The man was Nikola Tesla, inventor of the alternating current (AC) motor. Tesla took the risk to demonstrate the safety of AC. For the past several years, the Edison Electric Light Company had been waging a campaign against AC. Its direct current (DC) systems had been losing market share to Tesla’s friends at the Westinghouse Electric Company, and in response, the Edison group had decided to challenge the safety of AC through sensational stories in the newspapers. Tesla hoped, through his dramatic demonstration, to disarm the negative publicity.

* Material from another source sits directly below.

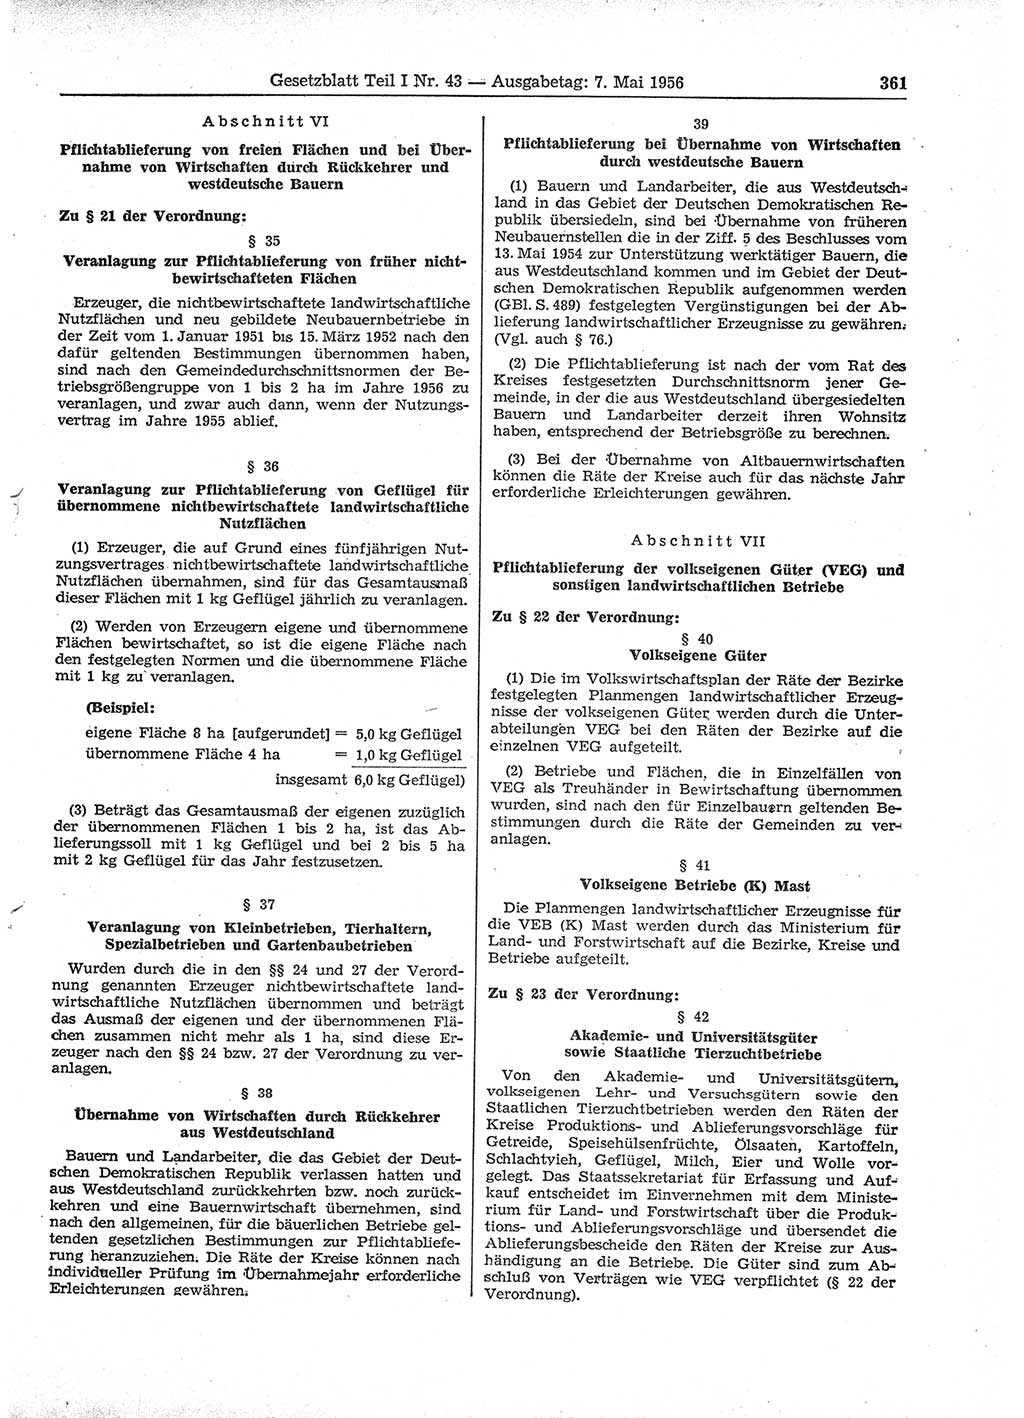 Gesetzblatt (GBl.) der Deutschen Demokratischen Republik (DDR) Teil Ⅰ 1956, Seite 361 (GBl. DDR Ⅰ 1956, S. 361)

In the late 1880s, when electricity was the“Wild West”of technology, no one knew what kind of system was going to succeed.
Frequently, technological controversies—the race between two inventions vying for widespread acceptance—are resolved through rational means: one invention might be cheaper than the other, another could be accepted because it’s safer than the alternative, and still other inventions succeed because of standards set by engineers or government regulators.
Yet every so often, controversies don’t work out so neatly, and that’s what happened when Tesla and Edison fought over the future of electric power distribution. It was a battle that involved gruesome demonstrations, juvenile name-calling, and attempts to outlaw AC. In the end, though, cooler engineering heads prevailed, and, because of its ability to distribute electric power widely and cheaply, AC won the day.
Let there be light
The common belief that Thomas Edison singlehandedly invented electric lighting in 1879 isn’t true. The first electric light was the arc light, invented by Sir Humphry Davy in 1807. Inspired by the electric battery invented by Alessandro Volta in 1800, Davy had built a huge electric battery in the basement of the Royal Institution in London. To demonstrate the power of his battery, Davy connected the battery terminals to two carbon rods. When he separated the carbons by a tiny distance, the current jumped the gap and gave off a bright light. Over the next 50 years (1810s-1860s), inventors worked to develop arc lamps with electromechanical regulators that maintained the exact gap needed between the carbons to create the bright light. But their efforts were limited as long as they had to rely on batteries; to expand, they needed a new source of electric current.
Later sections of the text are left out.